Some corrections with lower prices 

i5 2400 - 9700/ has low power consumption and it's not OCablle on H67 mobo so a Corsair CX-430v2 is enough for that rig and Op can also save around ~2k by going with Intel DH61WW mobo. Corsair Value Series 1333 Mhz ram is more than enough for Intel Config. So the final config would be :

i5 2400 - 9700/-
DH67CL - 5250 or Intel DH61WW - only if OP does not need USB 3, extra sata ports and some other features.
Sapphire HD6850 1GB GDDR5/ HD6850 Cyclone PE -9300
LG DVD Writer - 925/-
CM Elite 350 - 1550/-
Corsair CX430v2  - 2300/-
Corsair Value Select - 1150
250/320 gb hdd - 3500
total - 31625/ 33675 (DH67CL)

AMD config looks good but it would be better if Op opt for Gigabyte GA 880GM-USB3(Rev 3.1)@ 4.8k - it would allow him to save 1k 

Phenom II 955BE - 6100/-
Gigabyte GA 880GM-USB3(Rev 3.1) - 4800
Sapphire HD6850 1GB GDDR5/ HD6850 Cyclone PE -9300
 LG DVD Writer - 925/-
 CM Elite 350 - 1550/-
 Seasonic S1 2II 520W - 3250/-
 Gskill Ripjaws 4GB - 1550/-
250/320 gb hdd - 3500
 TOTAL -30975/-


----------



## sukesh1090 (Dec 23, 2011)

^^
Yup i agree with you brother.even if that intel rig comes to 31k,it will lack a lot of features amd rig will give at 30k.i suggested 520w because he won't be on border with that psu but with 430 he will be on a border where he can't add any future upgrades to it.
Btw i suggested that asus mobo because he is from manglore and i know that he won't get that gigabyte mobo there and online smc,prime,itwares don't have it.so i suggested asus mobo.


----------



## topgear (Dec 24, 2011)

^^ nice points there


----------



## Jaskanwar Singh (Dec 24, 2011)

sukesh1090 said:


> ^^
> Yup i agree with you brother.even if that intel rig comes to 31k,it will lack a lot of features amd rig will give at 30k.i suggested 520w because he won't be on border with that psu but with 430 he will be on a border where he can't add any future upgrades to it.
> Btw i suggested that asus mobo because he is from manglore and i know that he won't get that gigabyte mobo there and online smc,prime,itwares don't have it.so i suggested asus mobo.

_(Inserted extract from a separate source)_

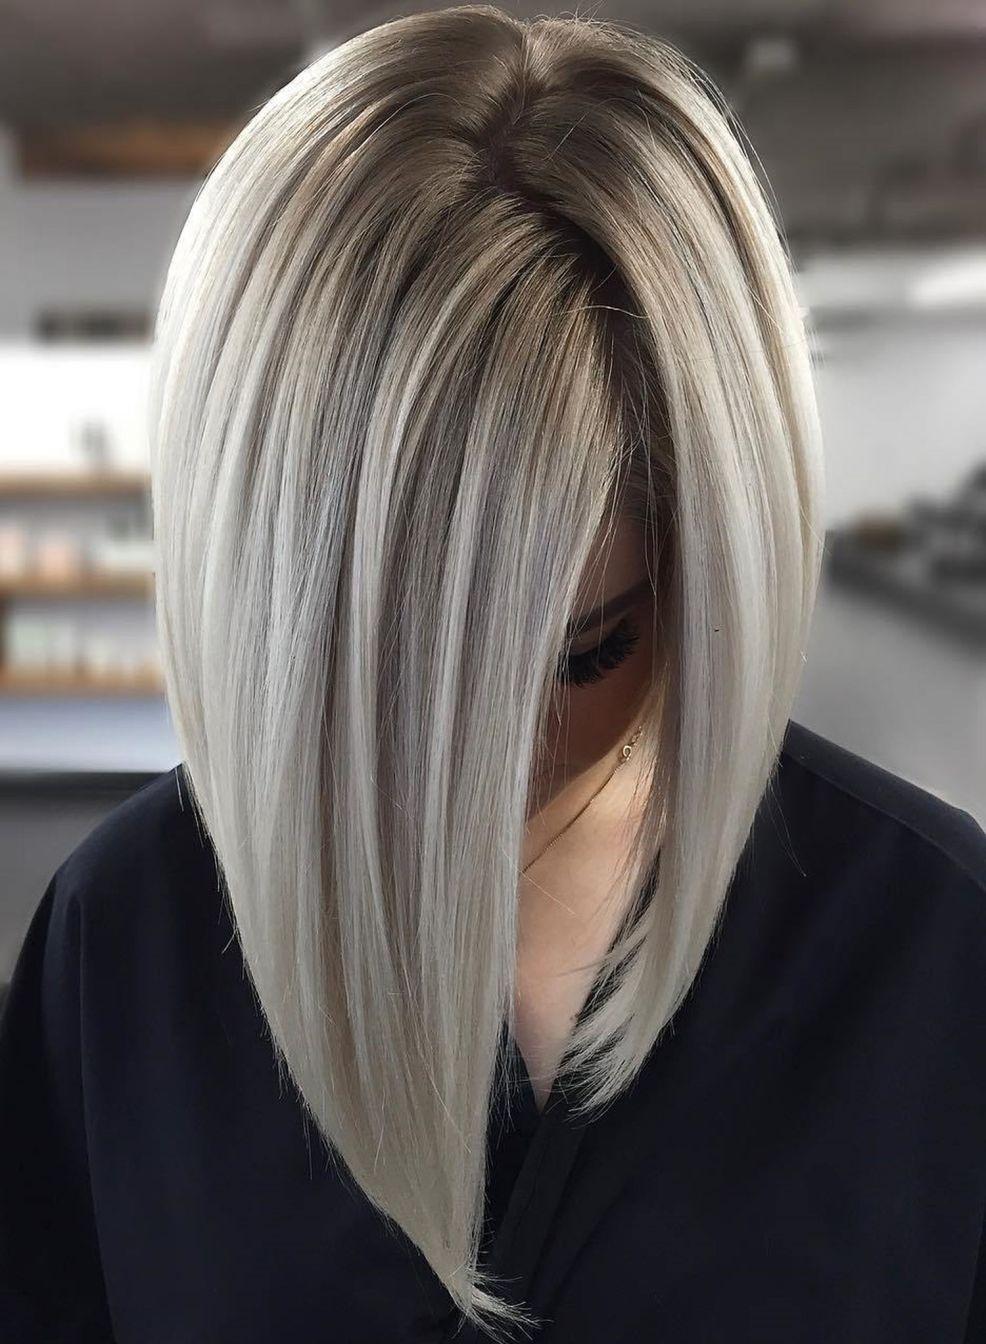 70 Perfect Medium Length Hairstyles For Thin Hair In 2019 Hair

it will have more performance. processor matters at lower resolution especially!

see this -
Intel Core i5-2500, Core i5-2400 and Core i5-2300 CPU Review. Page 7 - X-bit labs (these are with 6970)
there are games like metro etc which even at lower resolutions not even reach 60fps at highest settings and which can take advantage of powerful cpu. so a sense of futureproofing. 

regarding psu i will suggest a FSP saga II 500 @ 2.3k instead of CX430 V2.


----------



## sukesh1090 (Dec 24, 2011)

^^
Bro i play games at 1366X768 resolution and when i changed my proccy from pentium dual core to 955 i didn't see any difference in games.yes the difference was negligible.so i don't think op will see any difference in gaming.i am sure that in other apps he may get the benefit and he can even oc it and gain extra performance.regarding those benchmaks there you will see difference because they did those benchmarks in such a way that cpu is more utilised not the gpu,then only we will be able to see the difference but in real world thats not the case.


----------



## Jaskanwar Singh (Dec 24, 2011)

^buddy they have just performed benches at lower resolution so that cpu is more utilized. at higher resolution gpu matters more.
and op is playing at lower resolution. 

did you measure performance increase with fraps? see game performance increase -
AnandTech - Bench - CPU


----------



## sukesh1090 (Dec 24, 2011)

^^
Op will be playing at 1366X768 resolution and at that resolution what will be the case i have already told you with my personal experience.i used msi afterburner 'osd' to measure fps.


----------



## Jaskanwar Singh (Dec 24, 2011)

^well, benches are not false.

some more for even lower resolution -
Intel Unveils Sandy Bridge: Core i7 2600K, i5 2500K, i5 2400, i3 2100 CPUs - Starcraft II - Legit Reviews

in some games fps will be like over 100 and a person wont notice the difference. but there are others like metro etc and maybe some upcoming which are demanding at some lower resolutions too. 

and when that intel rig satisfies his every requirement and amd rig doesnt offer anything extra, why not go for intel then? 
and about psu that seasonic is just 1k more.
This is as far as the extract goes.